The B.1.1.7 variant is spreading throughout the United States and may be associated with a higher risk of death. Growing evidence suggests that available vaccines protect against this variant, according to a preprint article by Oxford University researchers, but the bigger problem is the possibility of newer variants. Immunity after infection isn’t perfect, and immunity after vaccination may be able to be overwhelmed by variants that haven’t yet emerged.
Those who have had Covid-19 should still be vaccinated! An interesting study from Denmark published online by The Lancet suggests that previous infection provides 80% protection against reinfection, but that protection among those ages 65 and older was only 47%.

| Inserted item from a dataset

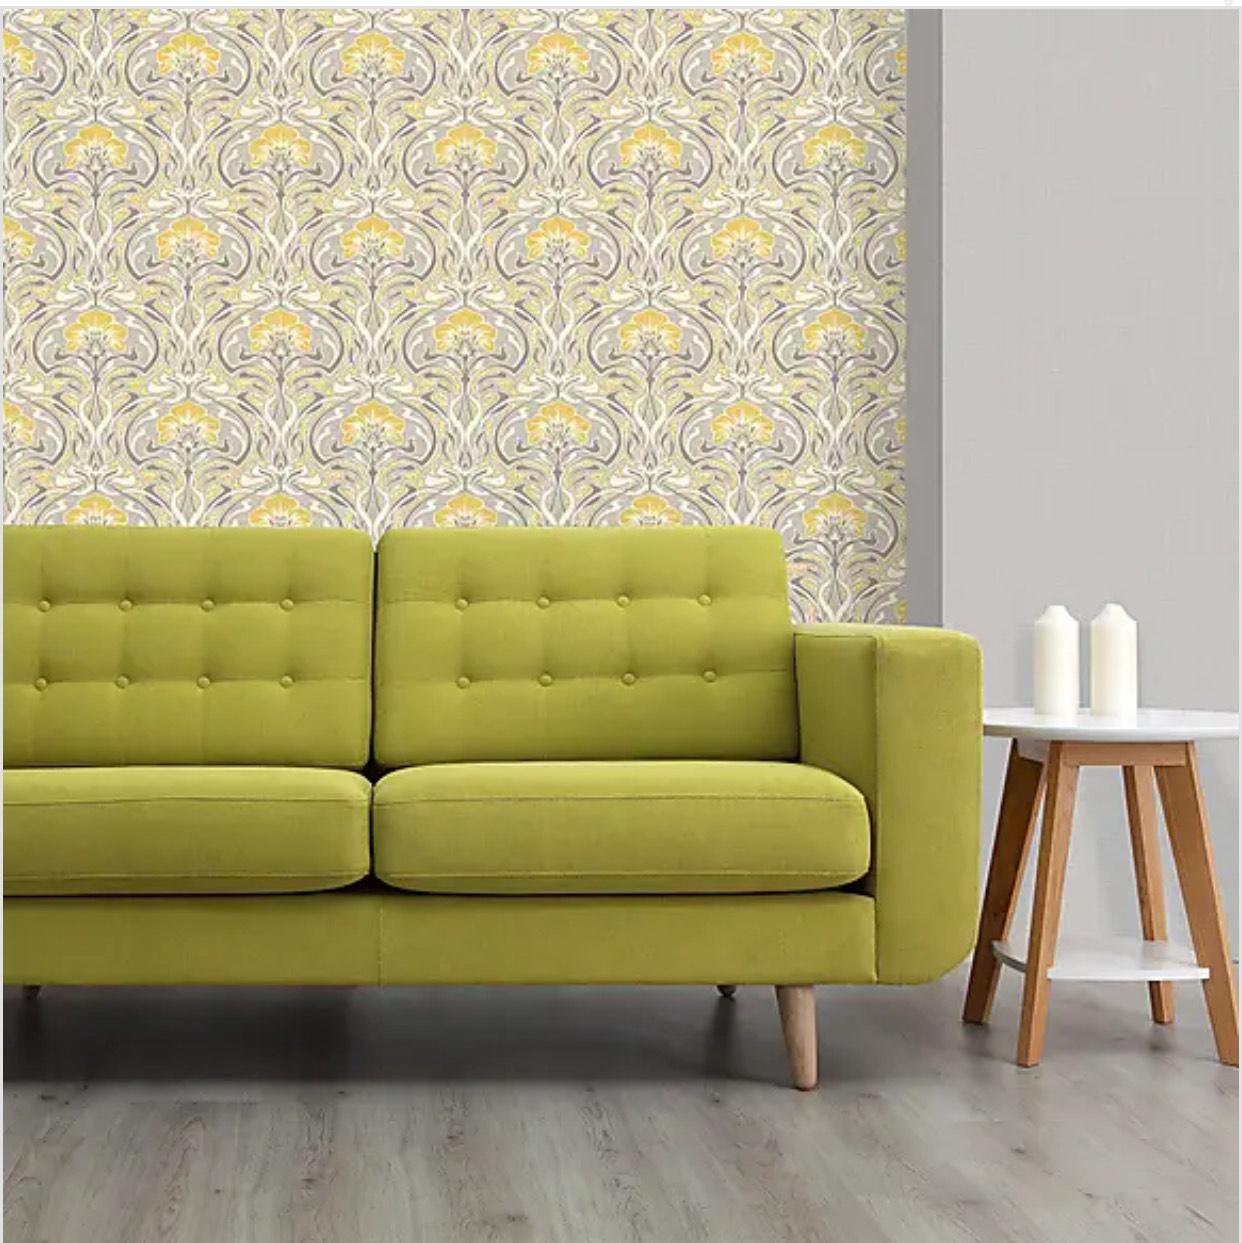 Flora Nouveau Yellow Wallpaper - £6 (Free Click & Collect / Limited Stores) @ Dunelm

More people getting vaccinated means that selective pressure on the virus will increase, and if strains emerge that can evade this immunity, these strains can spread. We don’t know if this will happen, but we know it’s a risk, and we know that we can reduce that risk by reducing uncontrolled spread wherever it occurs and increasing the pace of vaccination.
Inching toward the new normal
The virus is a wily enemy, and STAT writer Helen Branswell highlights an investigation published in CDC’s Emerging Infectious Diseases journal that demonstrates just how contagious it can be. If we let our guard down too early, Covid will take advantage.
With protections in place, especially masks, we can begin to do more as vaccination makes the virus less lethal — and adjust our response if cases start to rise. The virus has had a major impact on many facets of our lives, from schools to jobs, and recovery will take a while.
Multiple studies demonstrate that schools can open without excess Covid risk, and CDC has appropriately updated its guidance. However, the more Covid spreads in a community, the higher the risk for everyone, including school staff and students.
Covid is reversing health progress
In some places, the pandemic’s impact has been as harmful as Covid itself. Data from 19 African Union member states, reported by the Partnership for Evidence-Based Response to Covid-19 (PERC), shows the extent that the pandemic has driven food insecurity and disruptions to health services. We must increase equitable access to vaccines.
A new report from the Stop TB Partnership shows that Covid set us back years in tuberculosis control. As many as 1 million patients may have been missed as a result of the lack of access to health facilities. Each one can potentially infect other people. This is a truly devastating setback.
As reported in Nature, this timeline of progress from the past year is remarkable. Scientists across the globe made rapid progress against the most disruptive health threat of the past century — but there is so much more we need to learn!
“We ignore public understanding of science at our peril.”